What is required.
Pictures are not part of the copy. Set down exactly the lines from the one containing "MMA中国无线营销联盟移动程序化实时竞价协议标准V.1.0_000033" through the last line of the material below.

Collected data.
--

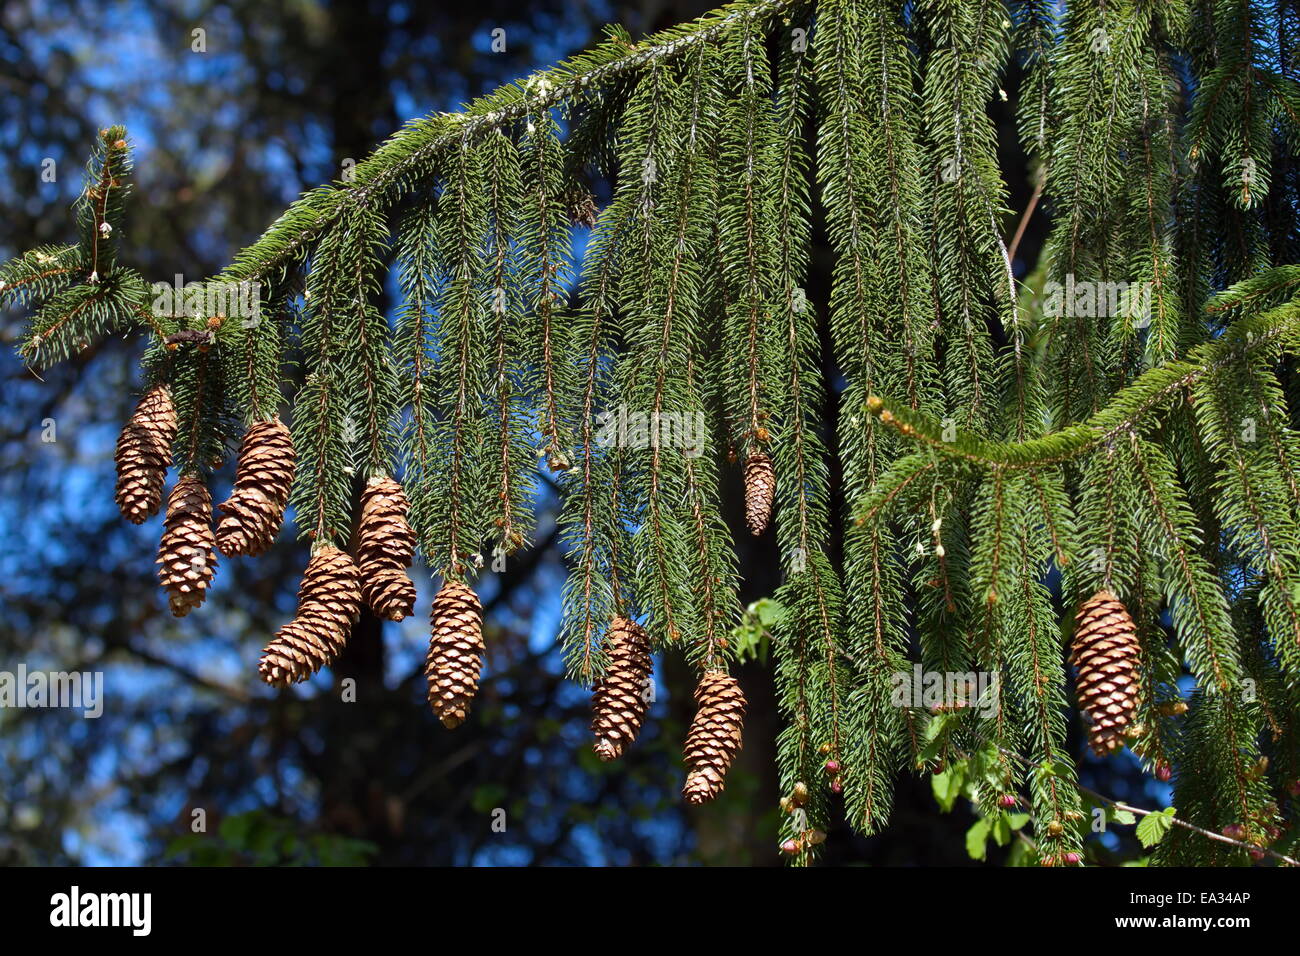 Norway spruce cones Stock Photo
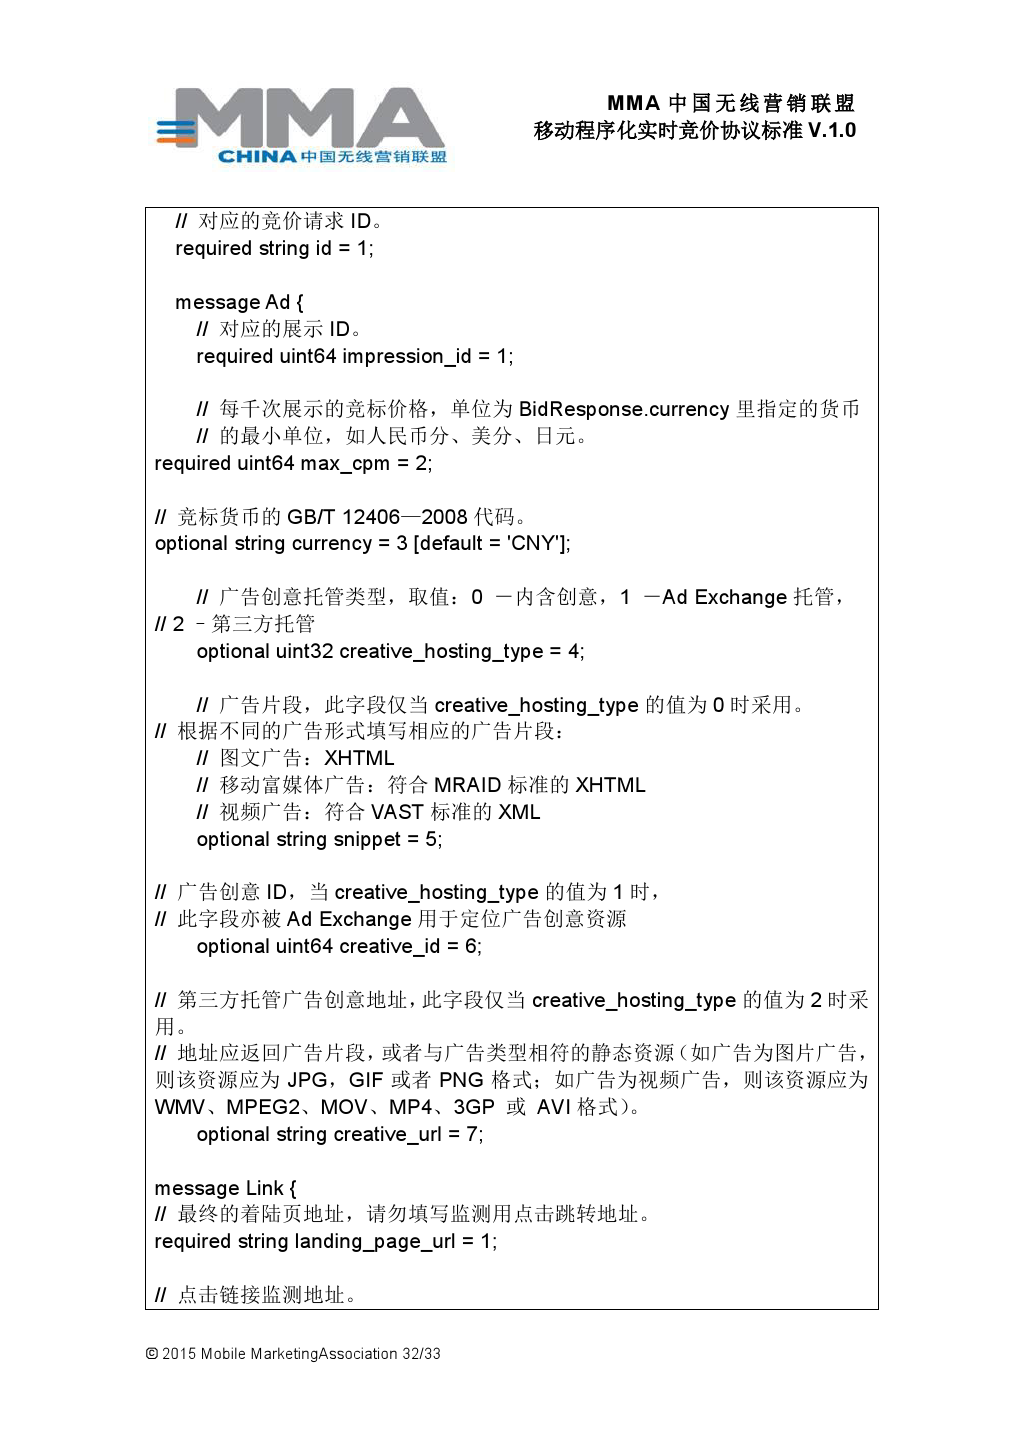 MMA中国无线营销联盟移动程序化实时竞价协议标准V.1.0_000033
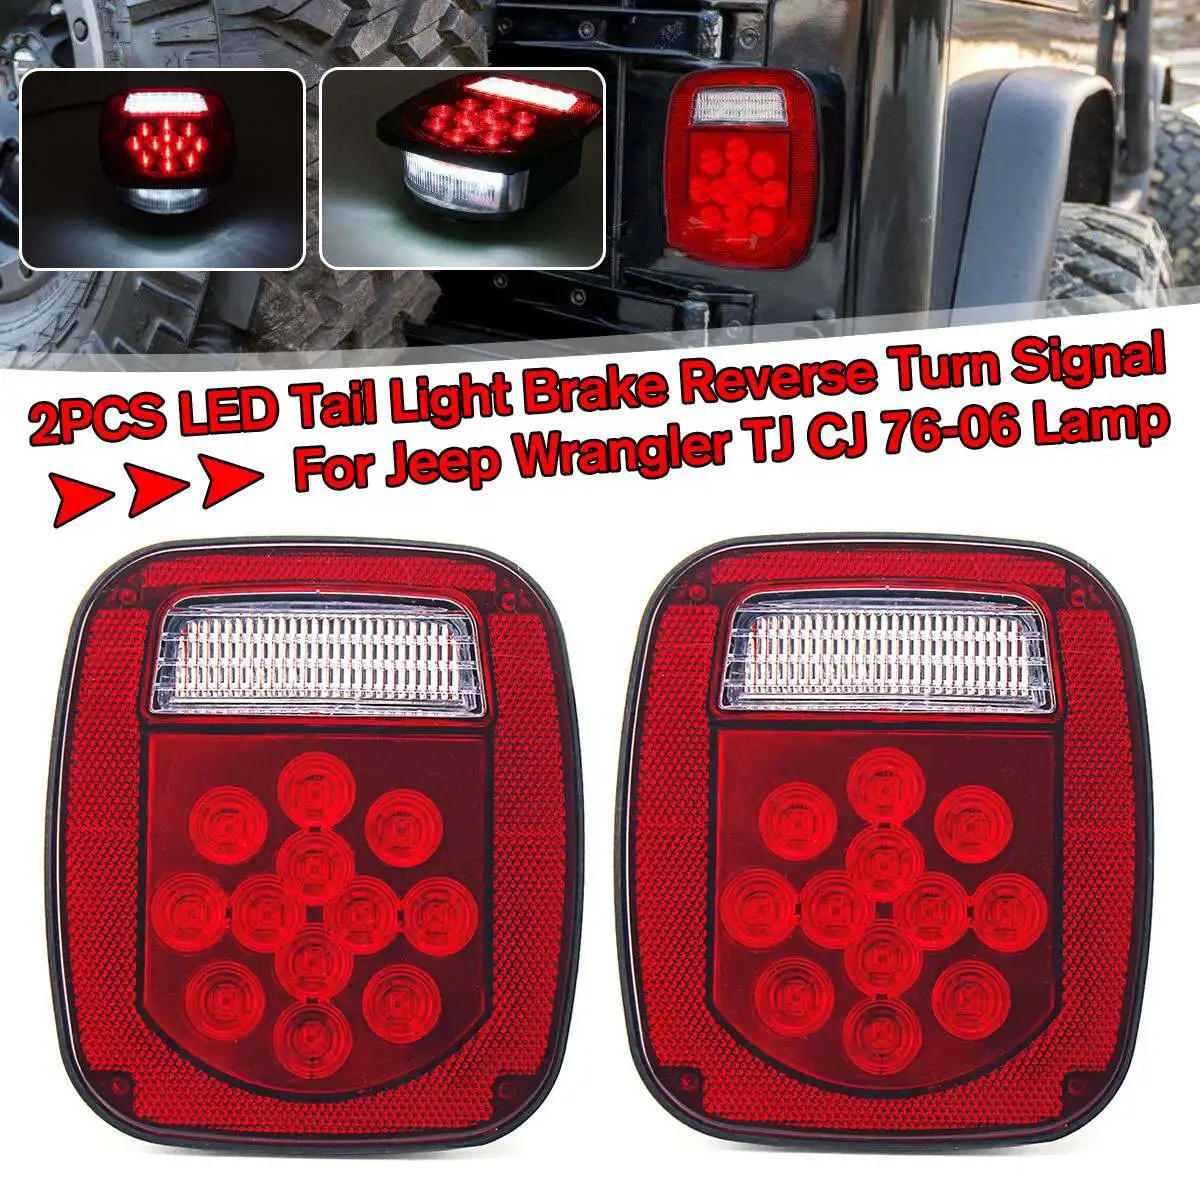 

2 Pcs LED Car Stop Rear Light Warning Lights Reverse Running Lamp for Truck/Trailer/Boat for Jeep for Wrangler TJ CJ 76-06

--

Written response.
 MMA中国无线营销联盟移动程序化实时竞价协议标准V.1.0_000033

2 Pcs LED Car Stop Rear Light Warning Lights Reverse Running Lamp for Truck/Trailer/Boat for Jeep for Wrangler TJ CJ 76-06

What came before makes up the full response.